Le « tireur d'élite du jeu de massacre surréaliste », qui venait d'apprendre qu'il souffrait à nouveau d'une tuberculose rénale alors qu'il se croyait guéri, n'a pas supporté cette exubérance végétale où il a vu — on peut du moins le penser — un sarcasme du Grand Tout à son adresse.


« Il est ainsi, nous dit Gragerfis, des êtres d'une sensibilité et d'une émotivité excessives, d'une délicatesse de sensitive, d'une douceur mélancolique qui les laisse sans résistance devant les brutalités de l'existence ». — Eh oui ! Cela se rencontre, en effet.

(Robert Férillet, Nostalgie de l'infundibuliforme)

Quand il faut, il faut


Au début du finale du dix-septième quatuor de Beethoven, le violoncelle et le premier violon se partagent quatre mesures de récitatif qui portent ces paroles poignantes : Muss es sein ?... Es muss sein ! Es muss sein !

Beethoven était sur son lit de mort quand il composa la fin de ce quatuor ; il sentit ses forces diminuer, son esprit fléchir sous le poids des souffrances ; se sentant vaincu par le mal, il traça d'une main tremblante ces mots en tête du finale : Muss es sein, le faut-il ?... Puis, rappelant un reste d'ardeur : Es muss sein ! Es muss sein, il le faut ! il le faut ! et il continua l'œuvre, mais ne put l'achever, car il « raccrocha son vélocipède » quelques jours plus tard.

Cela aussi, il le fallait, ne serait-ce que pour contenter la terrible « nécessité » chère aux idéalistes allemands (et à Georg Friedrich Wilhelm Hegel au premier chef de corps).


(Johannes Zimmerschmühl, Pensées rancies et cramoisies)

Référence énigmatique


Paris, 18 juin 1935. L'écrivain ex-dadaïste René Crevel ouvre le robinet du gaz après avoir griffonné sur un papier « Nous sommes perdus, mon vieux Milou ! ».

Se voyait-il, comme Tintin dans les Cigares du pharaon, sur le point d'être englouti par une énorme vague alors qu'il dérivait sur l'« océan déchaîné de la vie » ? Se suicida-t-il, comme le prétendit ensuite son ami Klaus Mann, « parce qu'il avait peur de la démence » ou encore « parce qu'il tenait le monde pour dément » ? Son geste fatal est-il lié à la violente altercation qu'il avait eue quelques heures auparavant avec l'exécrable Ilya Ehrenbourg à propos de l'organisation du Congrès international des écrivains pour la défense de la culture ?

Le mystère reste entier et toutes les hypothèses sont permises, y compris celle qui voit dans ce suicide un assassinat déguisé, commis par un lecteur ulcéré du « jeu de massacre surréaliste » auquel se livrait l'excentrique prosateur.


(Hermann von Trobben, Le Monocle du colonel Sponsz)

La tourbe du quotidien


La vie de l'homme du nihil évoque une marche sinueuse dans un marais tourbeux dont le sol est mou, spongieux et presque toujours humide ; les végétaux qui le couvrent sont essentiellement des mousses et des herbages durs que repoussent les bestiaux ; les arbustes qui y croissent sont bas, rabougris, et ont un extérieur peu vivace et maladif.

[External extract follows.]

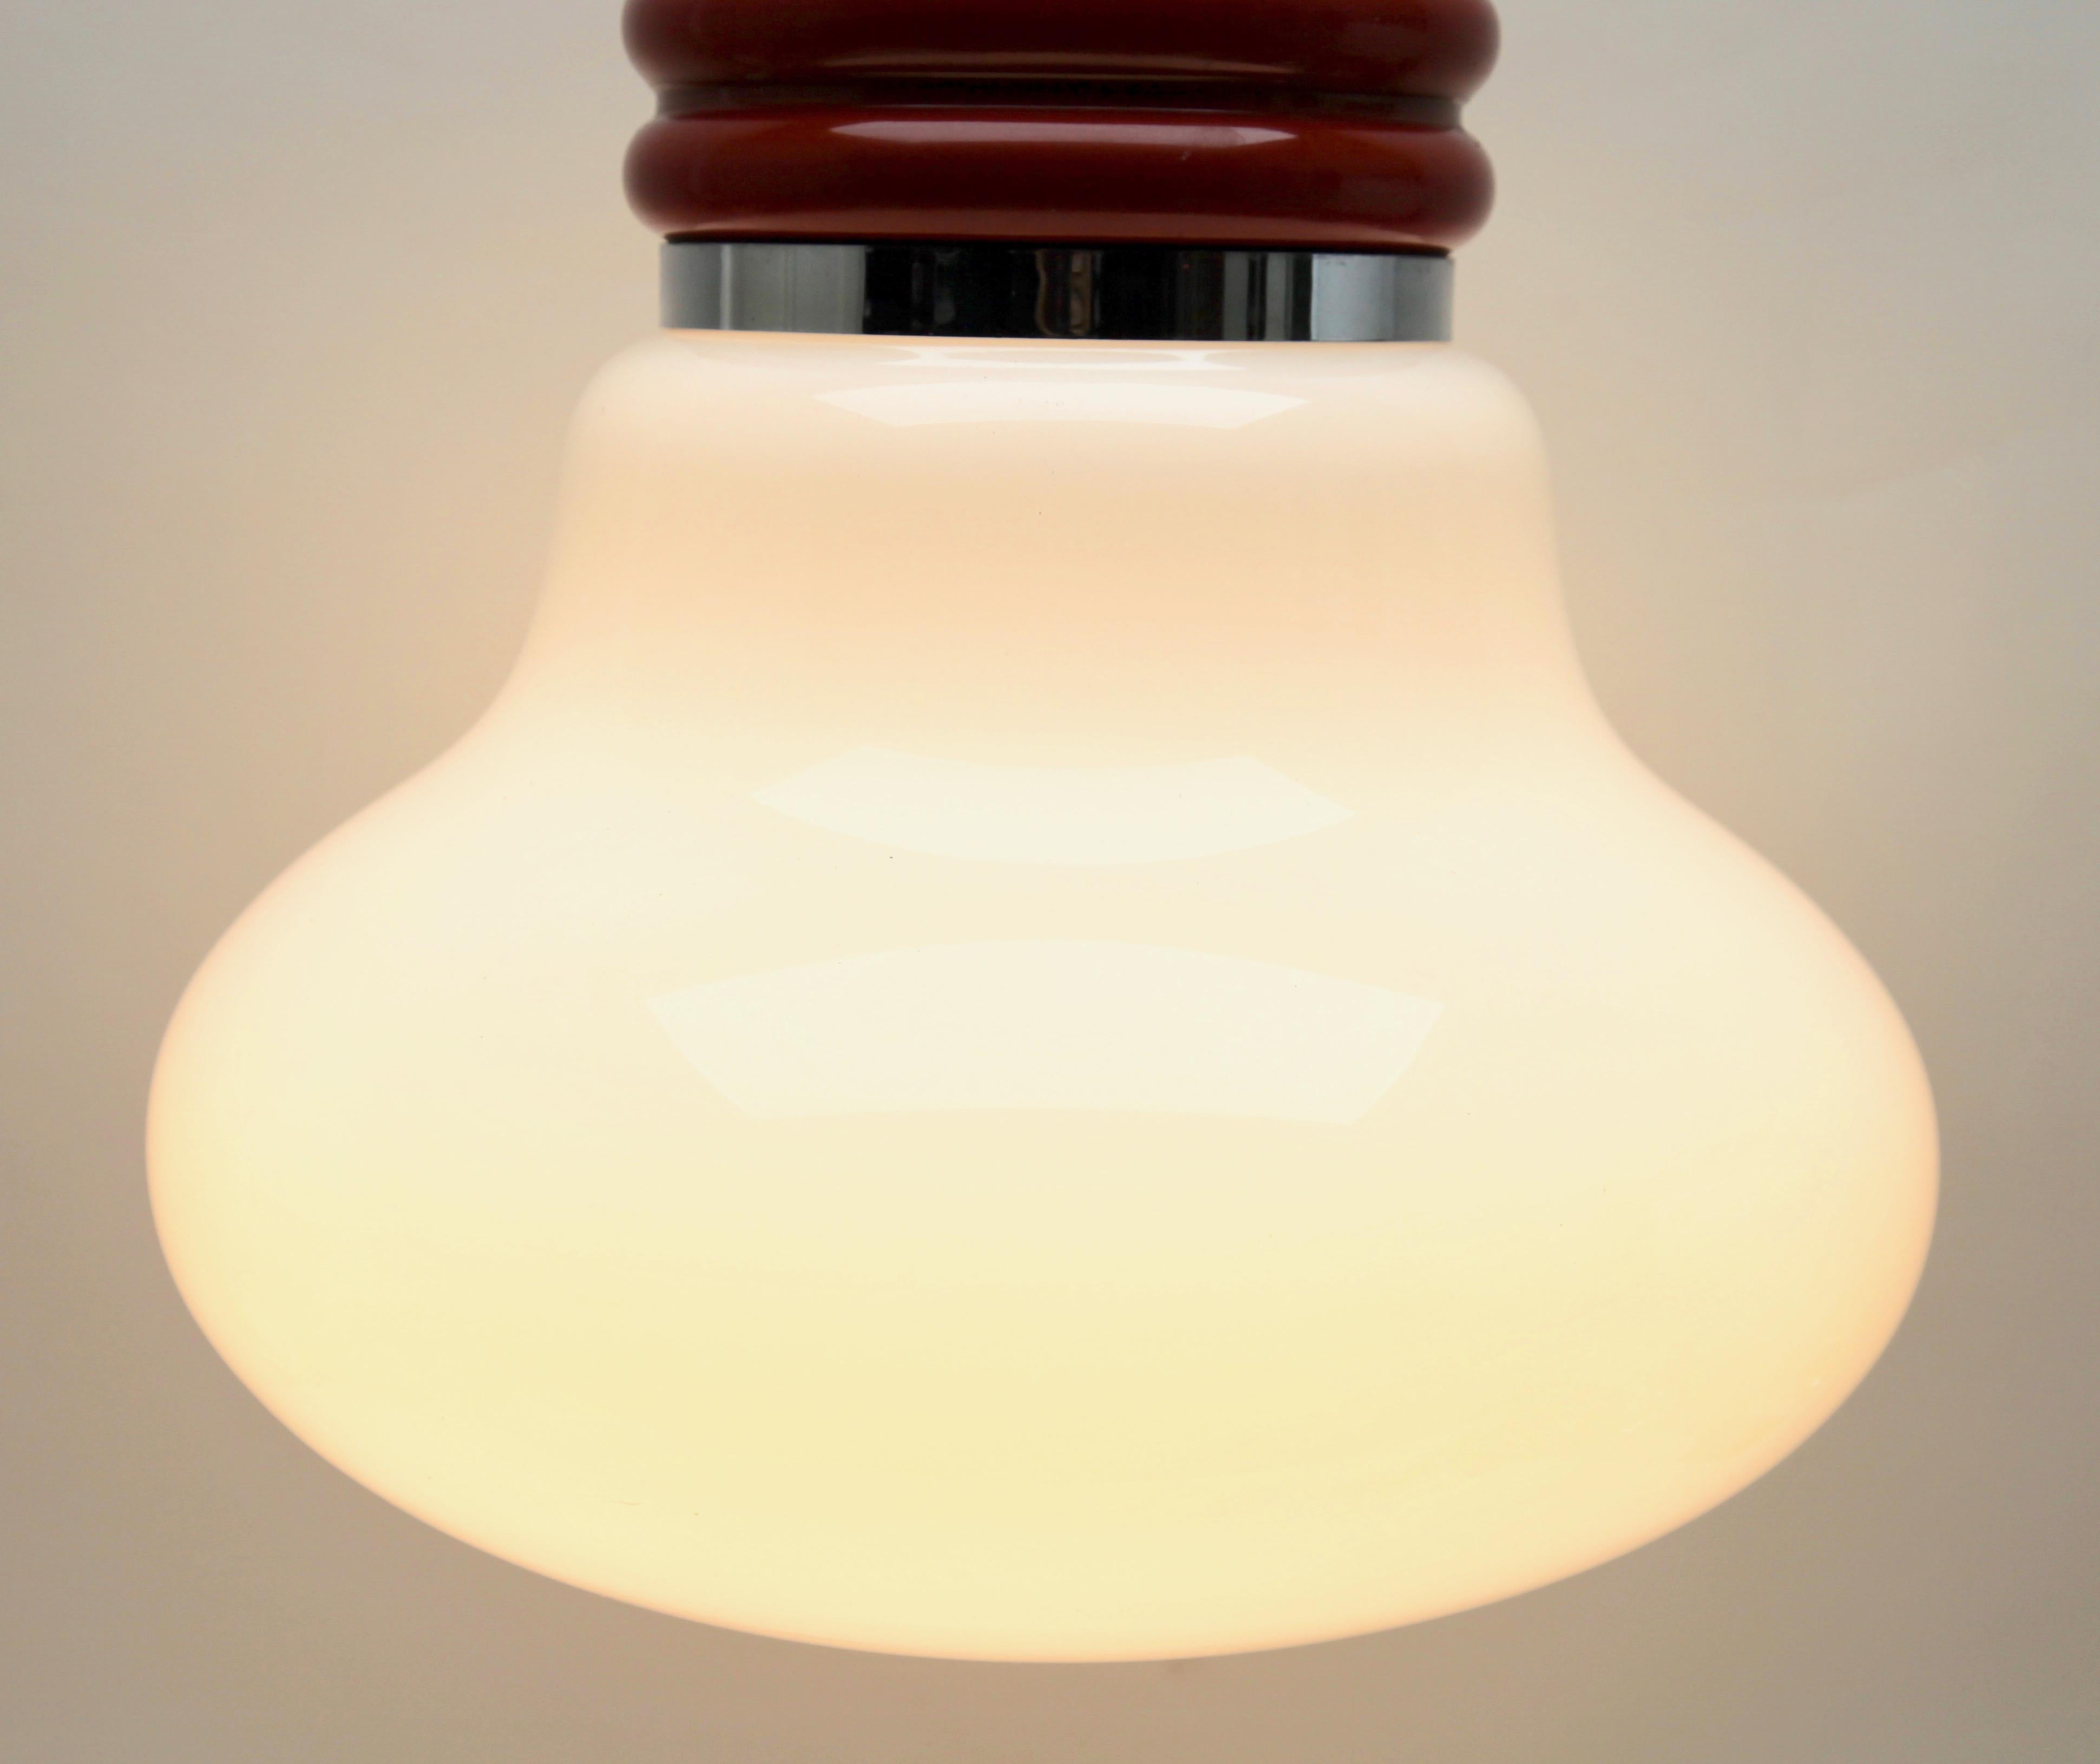 Dutch Vintage Pendant Ceiling Light in the Schape of a Big Bulb, Opaque Glass, 1960s For Sale

L'étant existant y progresse difficilement, et son quotidien ressemble à la répétition des minimalistes (Terry Riley, Steve Reich, Philip Glass), qui réitère l'instant dans un sempiternel recommencement, hors de toute orientation téléologique. Ici, on ne peut que se pendre ou devenir fou.

(Robert Férillet, Nostalgie de l'infundibuliforme)

Interlude

          Jeune femme lisant l'Appel du nihil de Martial Pollosson

Calcination du Moi


Un salarié d'une trentaine d'années s'est vraisemblablement suicidé vendredi sur son lieu de travail en se jetant dans un four de l'usine Constellium d'Issoire, dans le Puy-de-Dôme.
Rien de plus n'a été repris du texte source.